• **TRY IT**:
Would you repeat the data below exactly, taking out the images?

• **DATA PROVIDED**:
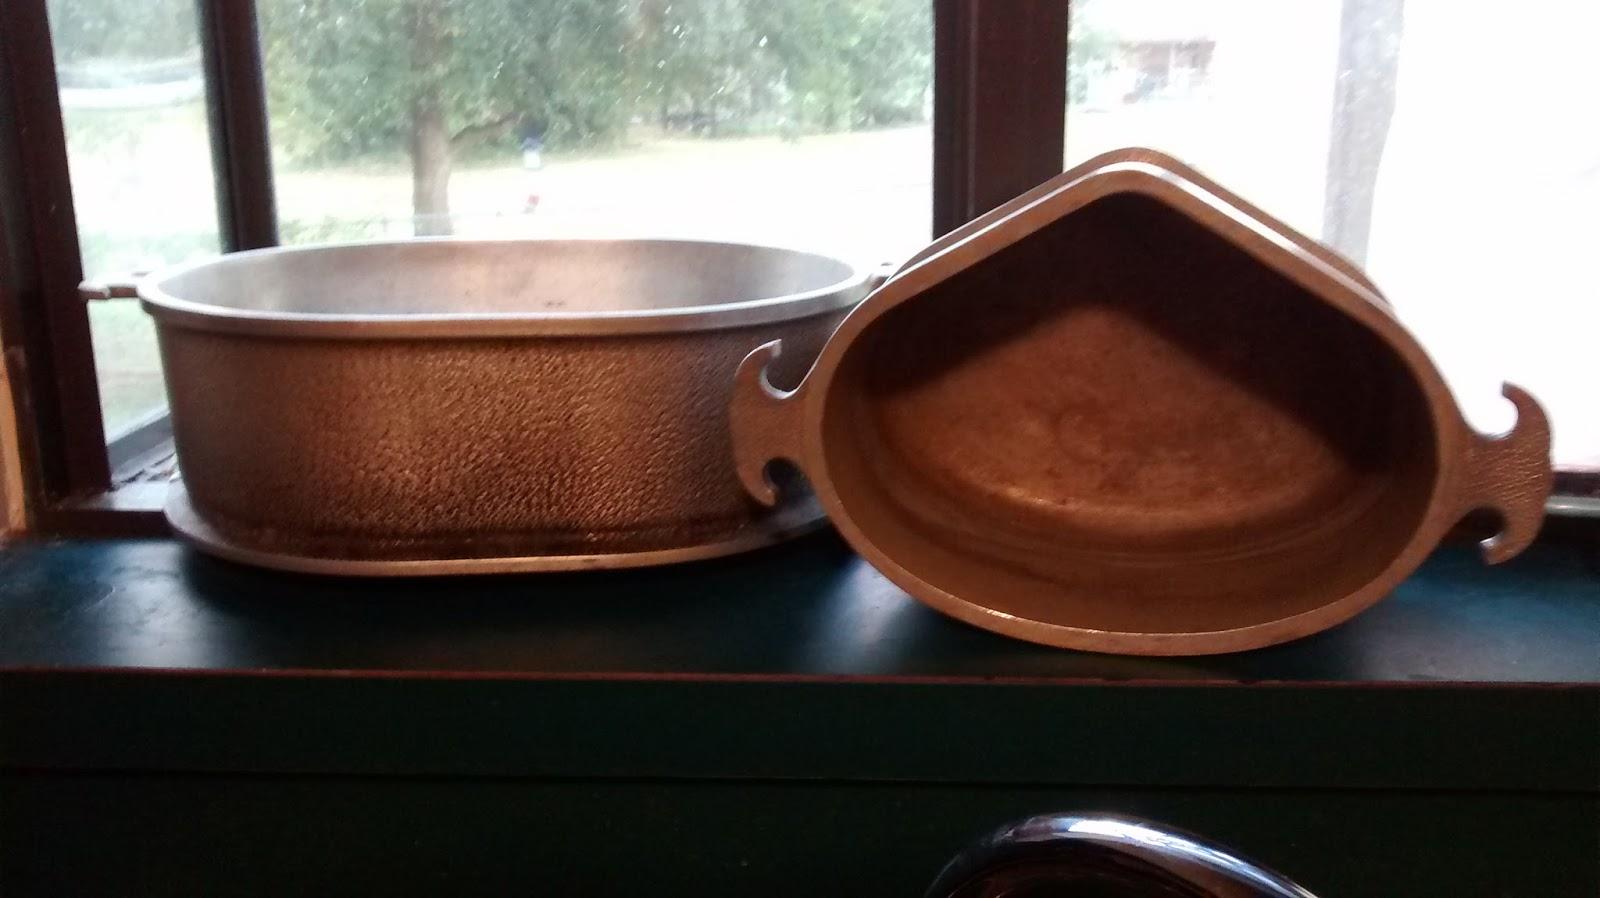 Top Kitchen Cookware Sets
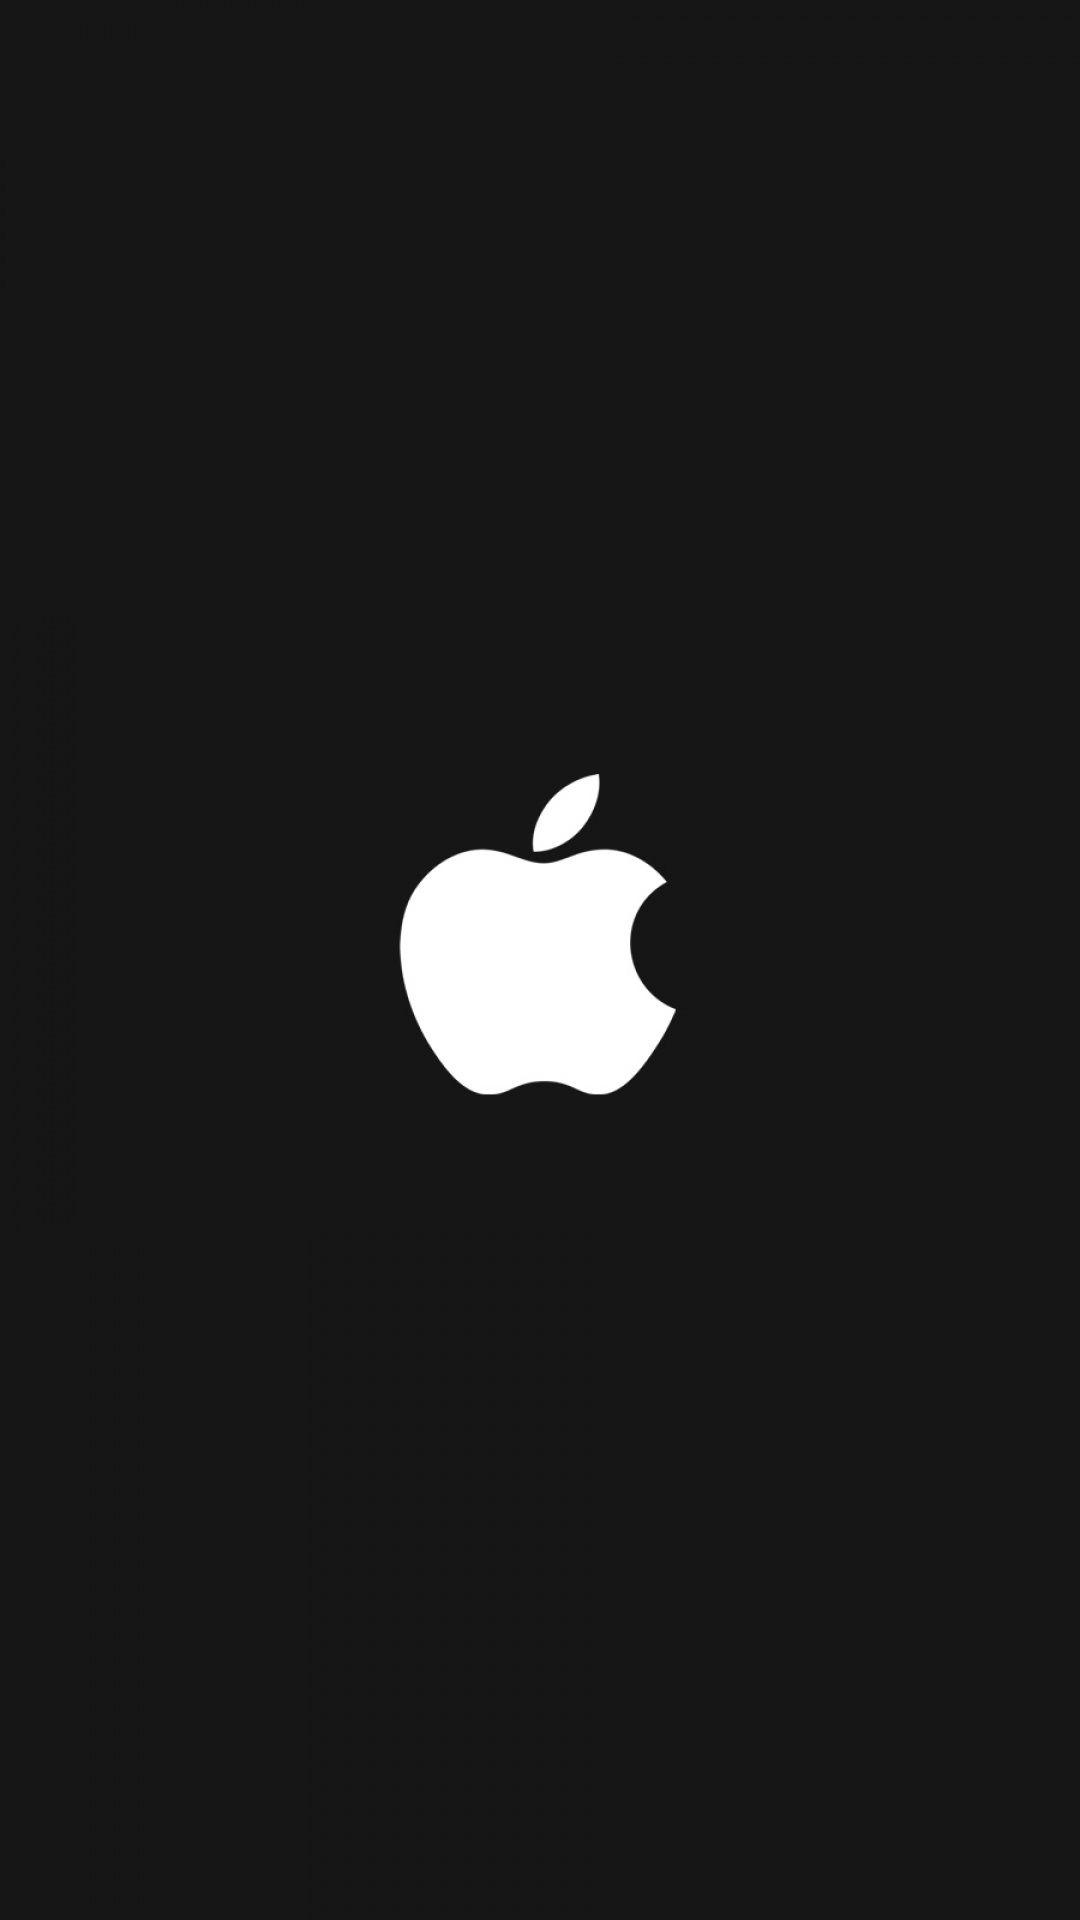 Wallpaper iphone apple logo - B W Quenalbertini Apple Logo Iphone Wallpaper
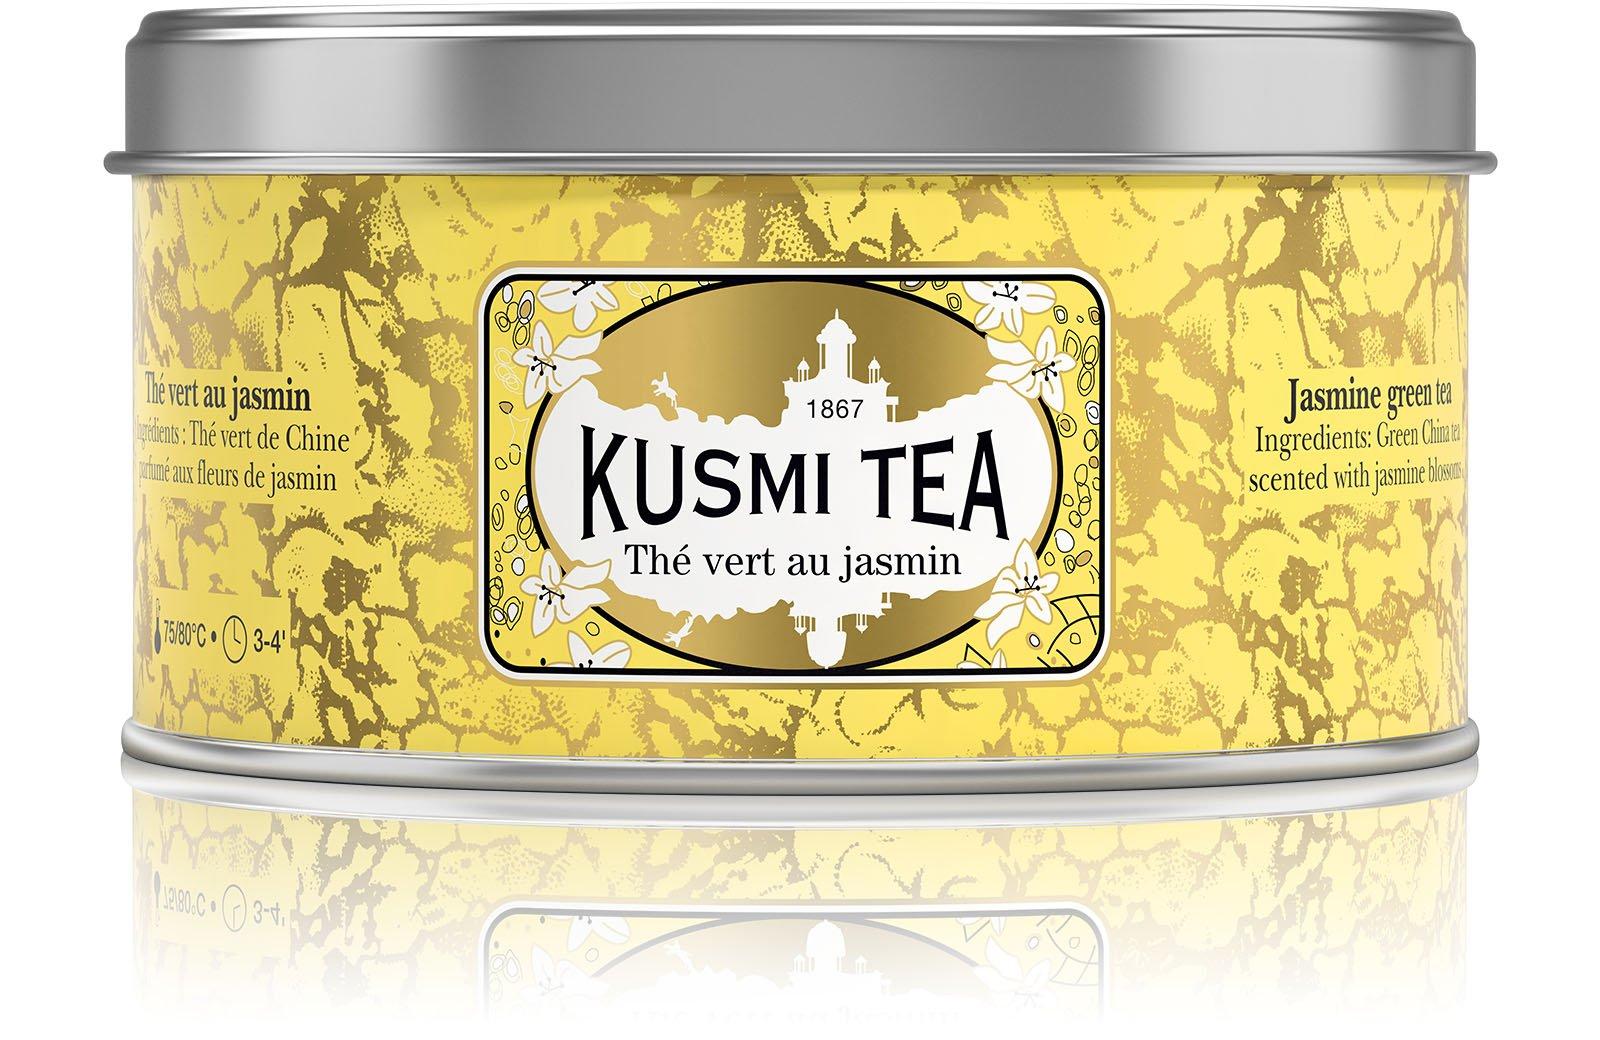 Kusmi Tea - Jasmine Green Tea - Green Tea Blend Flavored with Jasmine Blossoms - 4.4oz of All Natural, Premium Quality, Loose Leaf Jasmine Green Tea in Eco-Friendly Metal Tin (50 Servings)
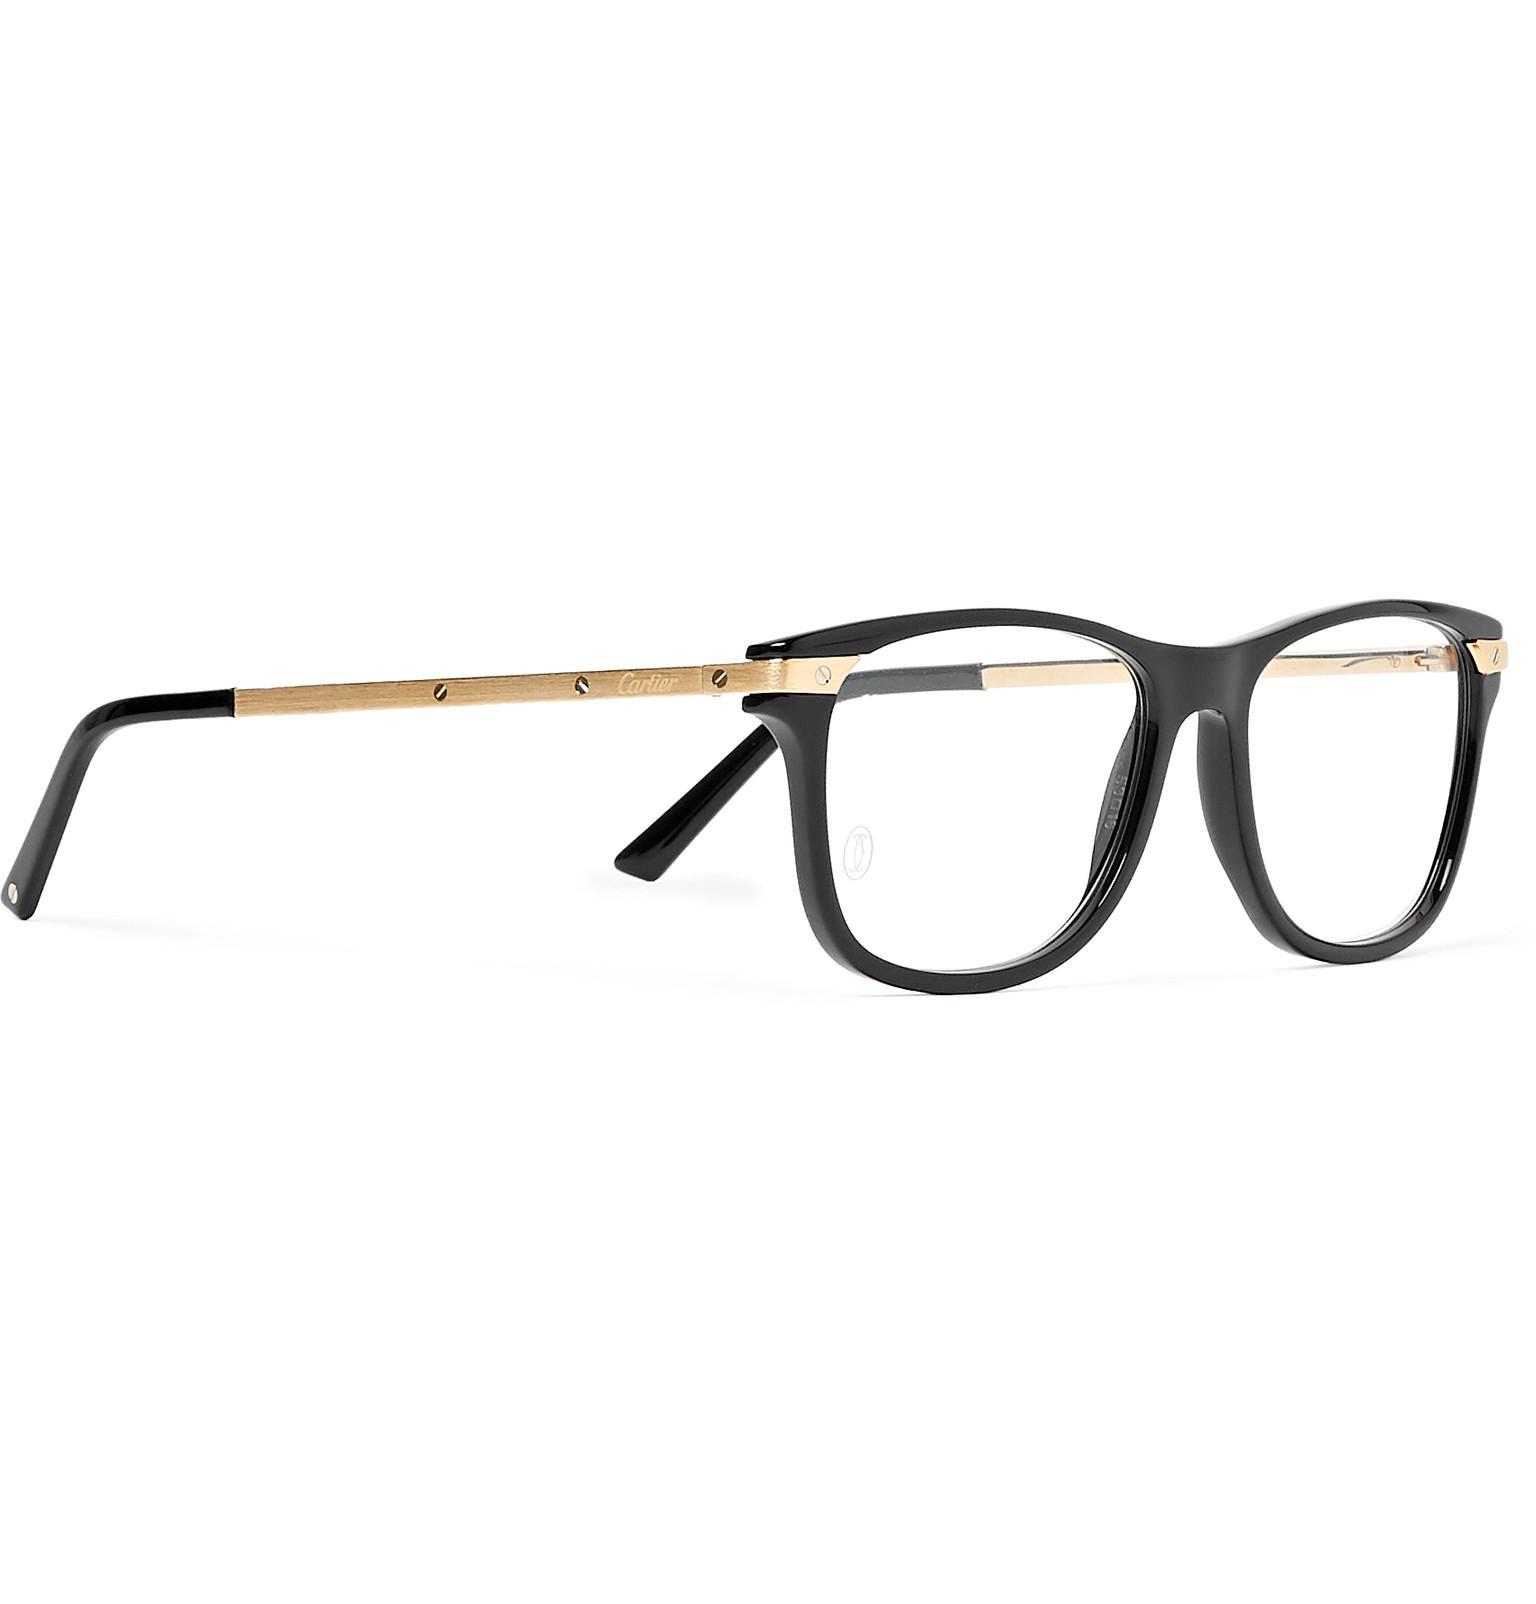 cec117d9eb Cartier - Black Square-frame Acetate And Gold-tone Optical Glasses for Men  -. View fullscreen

• **TASK SOLUTION**:
 Top Kitchen Cookware Sets
 Wallpaper iphone apple logo - B W Quenalbertini Apple Logo Iphone Wallpaper
 Kusmi Tea - Jasmine Green Tea - Green Tea Blend Flavored with Jasmine Blossoms - 4.4oz of All Natural, Premium Quality, Loose Leaf Jasmine Green Tea in Eco-Friendly Metal Tin (50 Servings)
 cec117d9eb Cartier - Black Square-frame Acetate And Gold-tone Optical Glasses for Men  -. View fullscreen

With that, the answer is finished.